WHAT THIS FILM DOES WELL: This film does an excellent job of building a compelling narrative while incorporating home footage, using flashback devices, and giving us real gritty and stark moments that flood every day life that would probably be considered by most not very cinematic or even very interesting. However, Time could not be more interesting or more engaging. Even in the stillest and calmest moments you become glued and riveted to every second. In fact, those are the best moments in this film–the stillness, the introspection–all so rich and so relatable.
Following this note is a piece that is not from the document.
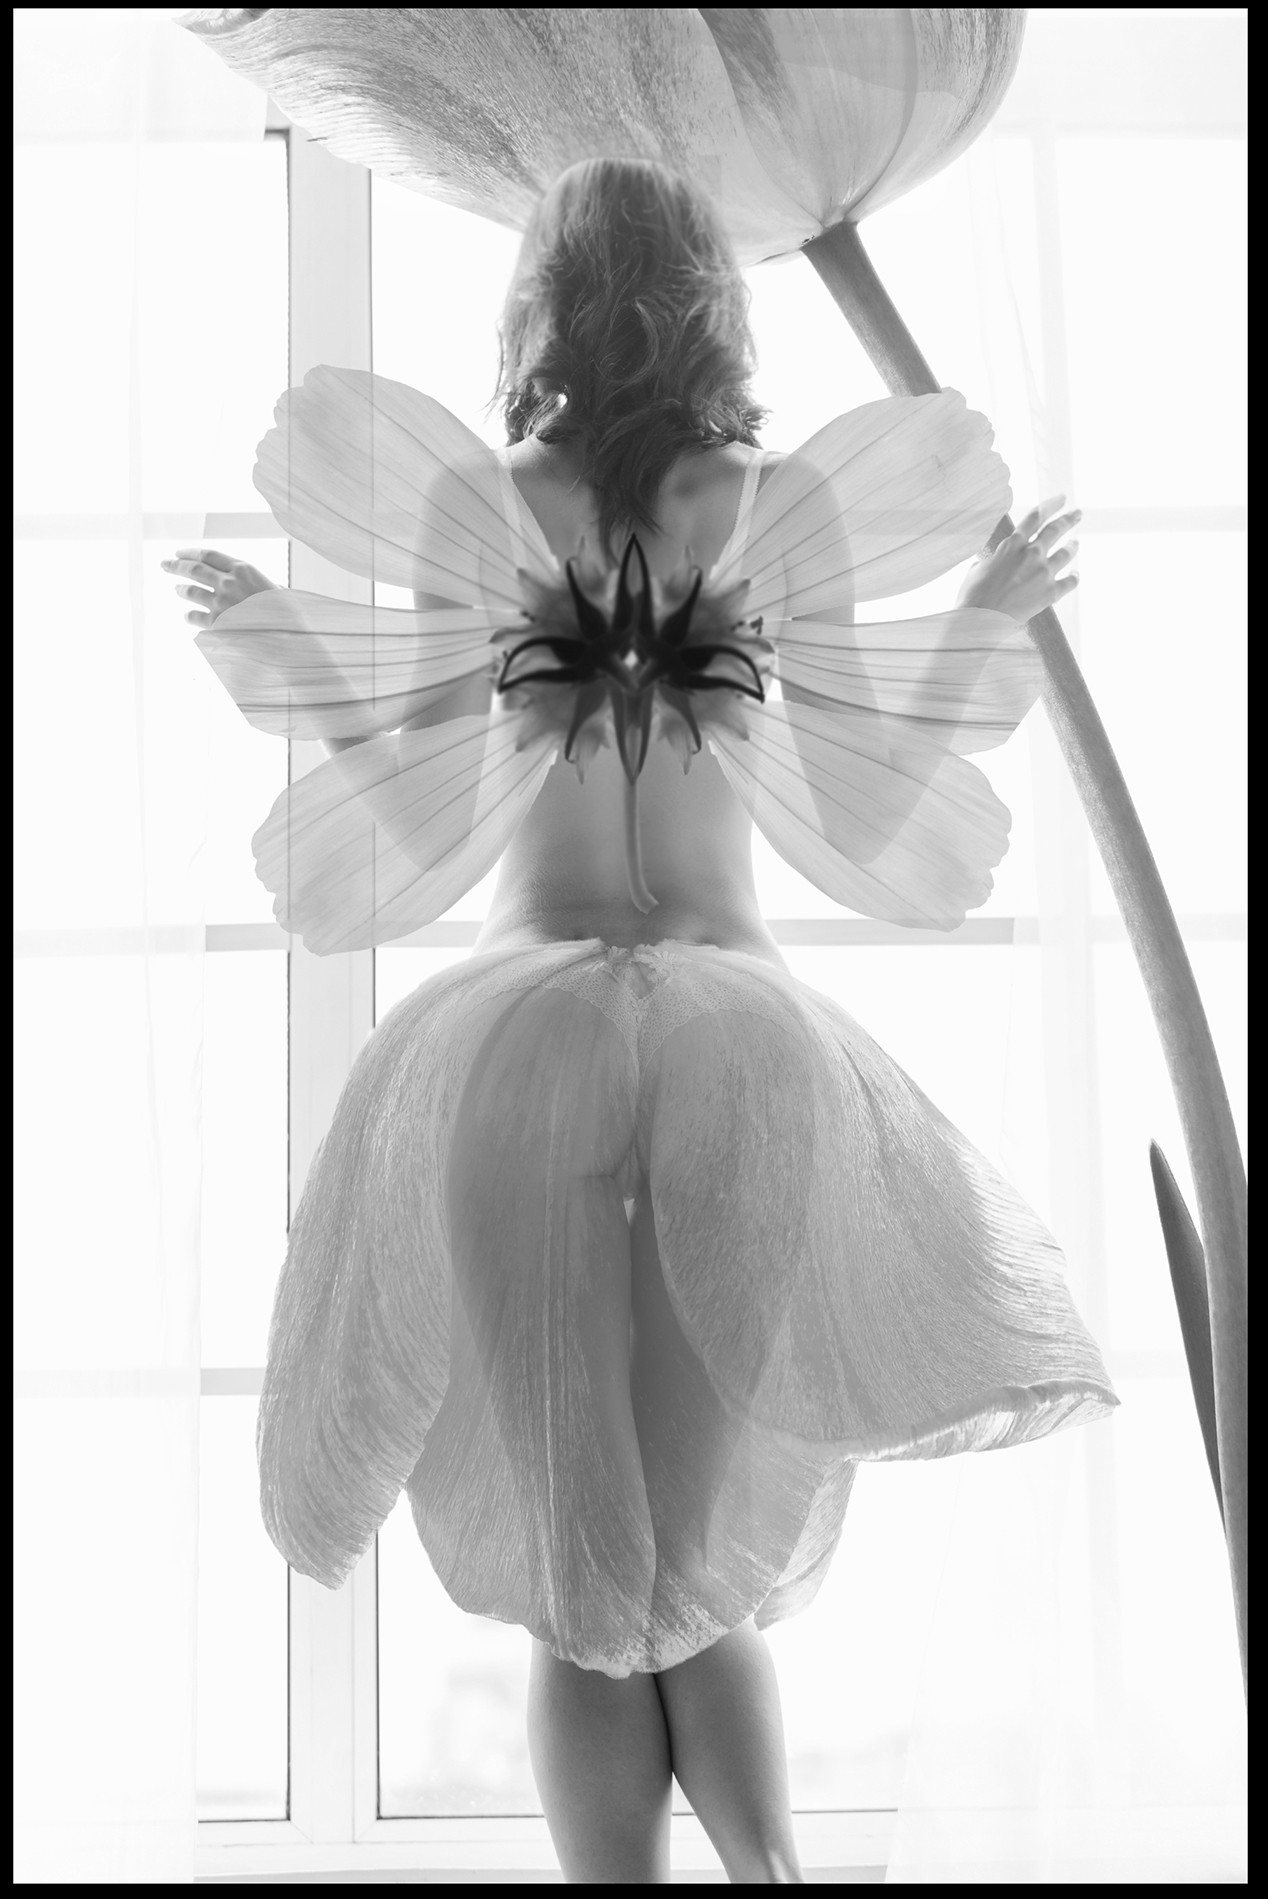 People 1268x1899 fairies wings flowers monochrome see-through clothing women model rear view ass

Sibil Fox Rich, on her own as a character, is such an incredible narrator and leader through all this. Yes, this is a movie that is so much more than about being a movie or documentary and it needs to be because the subject matter is such a welcome one in these times. However, as someone who loves film, it’s construction, deconstruction, and the creation and production theory is where this really hits home for me. It’s subtle changes from present to flashback; it’s incorporation of home movie footage; it’s absolute stillness at the times it needed to be still. All of that is done with a craftsmanship that is top notch.
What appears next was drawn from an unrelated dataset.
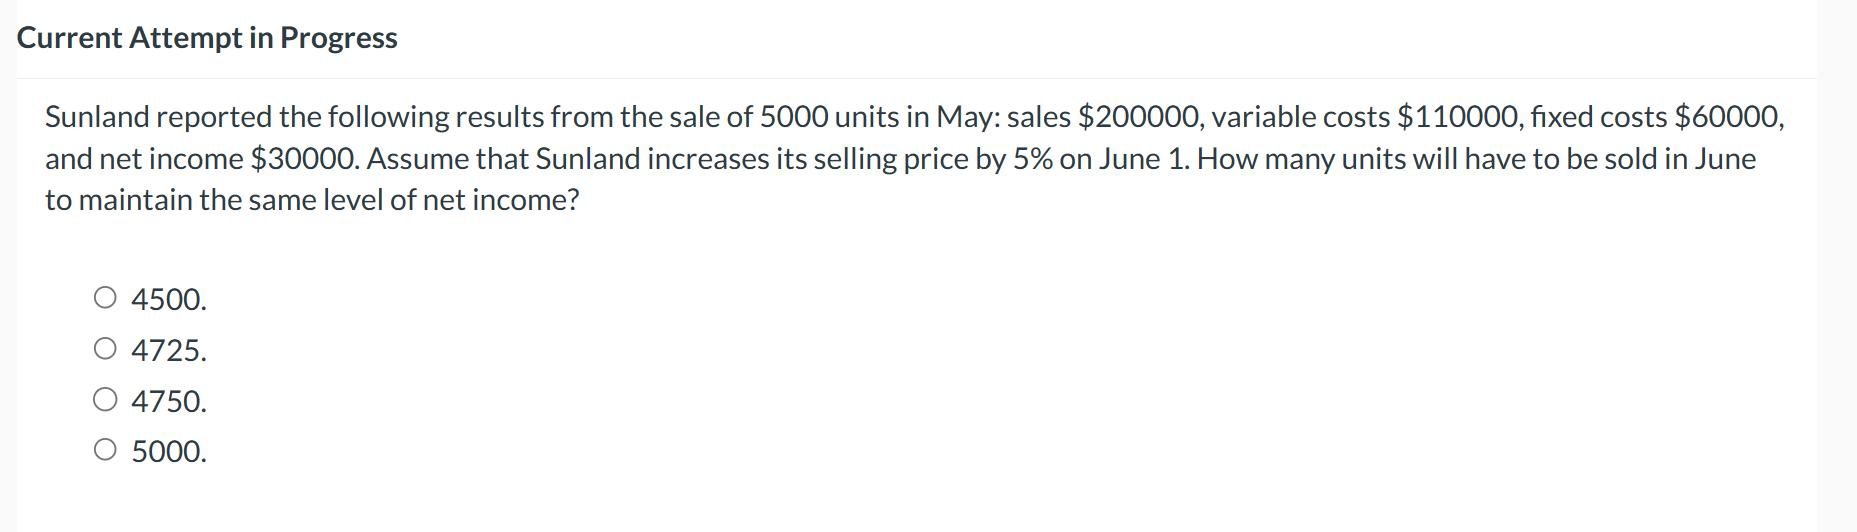 Current Attempt in Progress Sunland reported the following results from the sale of 5000 units in May: sales

While my nitpick would be there might have been more moments that I felt would have lent itself to more home footage opportunities, that takes little or nothing away from how great this movie was made. All that being said, you get sucked in by the film device, you get held in by those same devices, but you stay for the compelling story and subsequent messages that ring so true. You can’t ask more of a documentary than being true to itself and being as honest and earnest as it can be. It takes little time to appreciate all that Time gives you.       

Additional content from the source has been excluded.